Good judgment comes from experience. Experience comes from bad judgment.

—M
ULLA
N
ASRUDIN

 

THIRTEEN

A Serf-One brought Memor a delicious skreekor, fragrant with
the scent of its own fear. She ate it with lip-smacking pleasure while she watched the invaders.

The skreekor was an ample beast, about the size of the new invaders, but certainly far more tasty. This one was lightly spiced and big enough for a midwake meal, six or seven bites. It had been preserved by radiation; its taste was savory but slightly stale. It did not wriggle, in a final gesture of its knowledge of the right order of things. Memor paid no attention to the smaller bones that snapped as she ate. She would disgorge them later.

She’d wondered if the invaders could do magical things, tricks beyond known science. This was most unlikely. They had not presented any real problems, though the Folk had responded slowly. The aliens now seemed safely confined. One was injured or dying. Their gear was unfamiliar, but it seemed crude. They fumbled with their toys and jabbered endlessly. Primates always seemed to do that, as ancient Bowl records showed from similar adaptations of the four-limbed. In their simple forms, it made them easier to hunt, though they never seemed to learn that.

The group that escaped had shown not cleverness, but panic. Mere luck had aided them. But luck was occasional. No matter what their strange origins might be, their frenetic movements showed intelligences not able to deal with new elements. Or incapable of planning, an even worse sin. Perhaps, indeed, the only true sin.

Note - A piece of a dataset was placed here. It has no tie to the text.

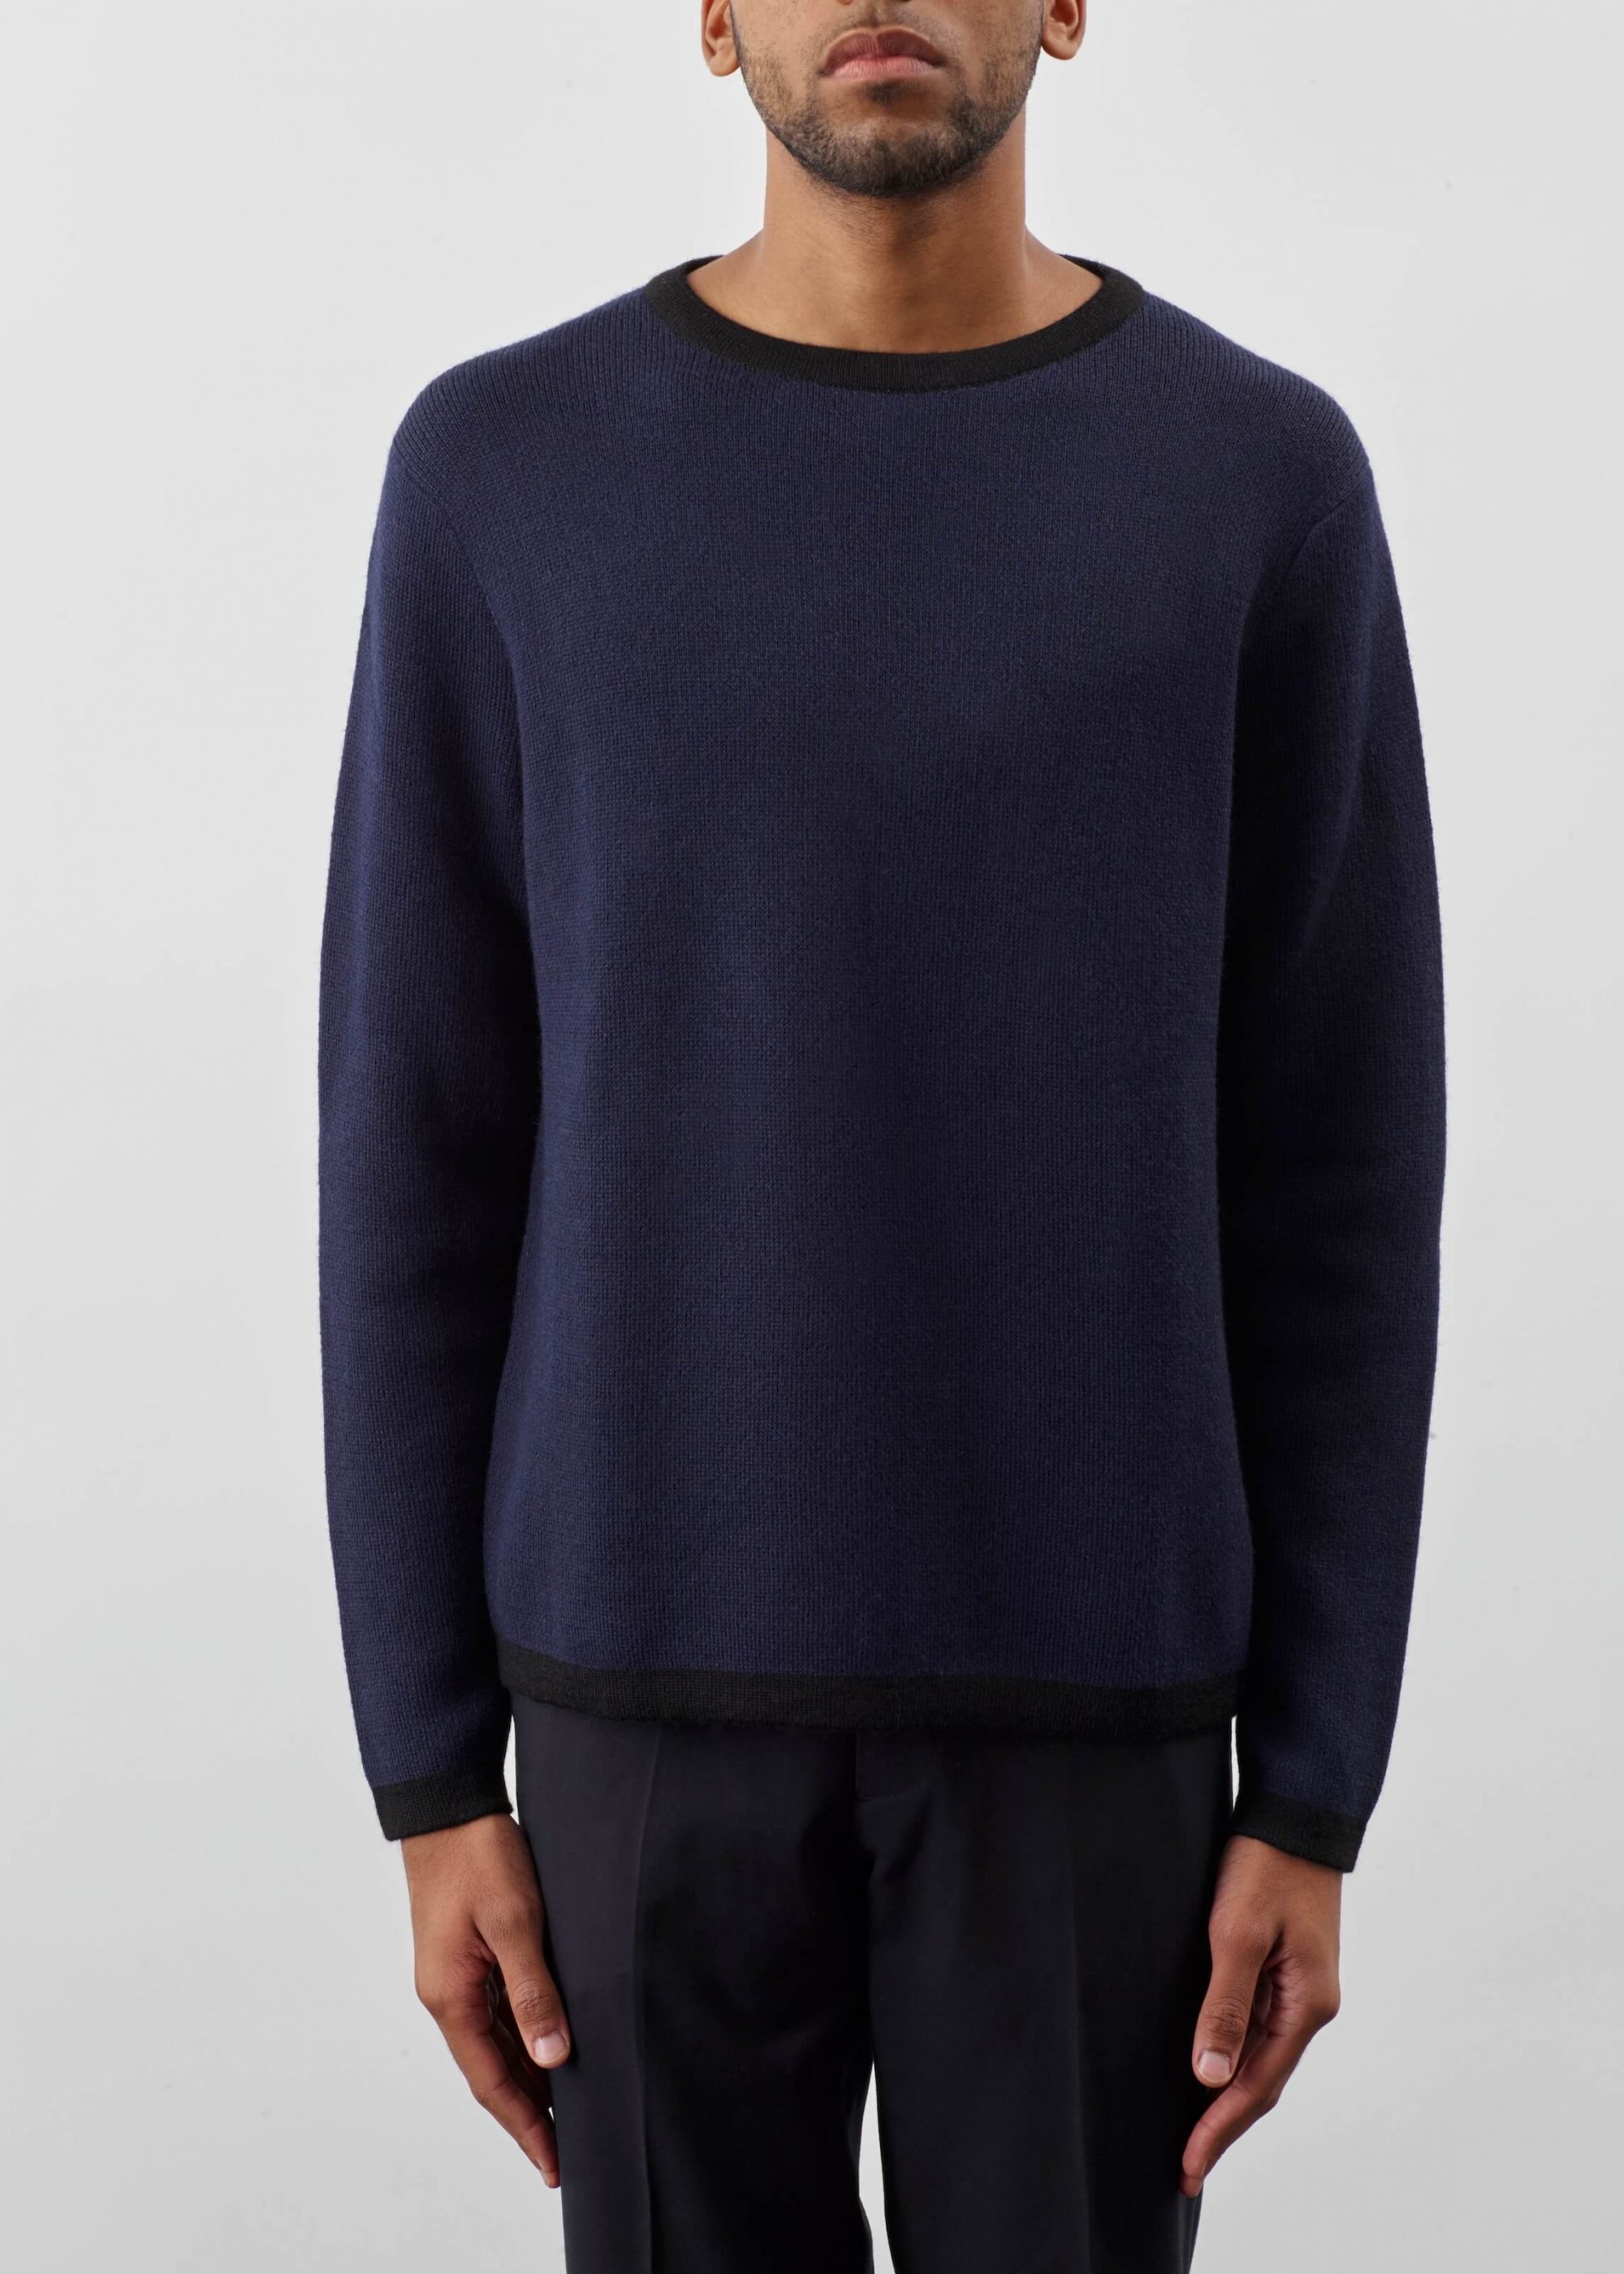 Product image for »Bauhaus« Sweater Baby Alpaca | Navy Black

They were dull creatures, as well. They had no coloration feathers—indeed, no feathers at all. Camouflage was therefore beyond them. How simple! From what odd world had they descended?

They seemed incapable of conveying meaning with even their elementary skin signals—and so incapable of nuanced speech. Talk from their wiggly mouths, and antic hand gestures, had to somehow suffice. The females displayed mammal signatures, bumps and curves, and lesser mass. Curious. How did sexual selection occur? Through such constricted pathways? What sour, diminished channels they used! And so tiny! Memor wondered how to teach them to speak the Tongue.

Of six Astronomers and twice that many Serf-Ones, only Memor had been trained in TransLanguage. She had long thought there would never be a chance to use her training. Vast time would pass before the world came near Target, where they expected to find their first intelligent species in many million-folds of time. Now Memor’s TransLanguage and neurological sensing arts would advance her prospects. Her pulse quickened agreeably.

The Target Folk were powerful; that much was obvious to any telescope array. But they had never shown interstellar ambitions, judging by the lack of visible fusion torch signatures near their star, or large constructions.

Still less likely was this startling appearance of visitors. Such were discussed in the Long Records, but none had come for a countless time. Until now, suddenly, from behind. A crafty approach. The Astronomers were plainly disconcerted by their drawing near. A vast failing, really. Yet now that Memor was female, all seemed somehow clearer. This was an opportunity!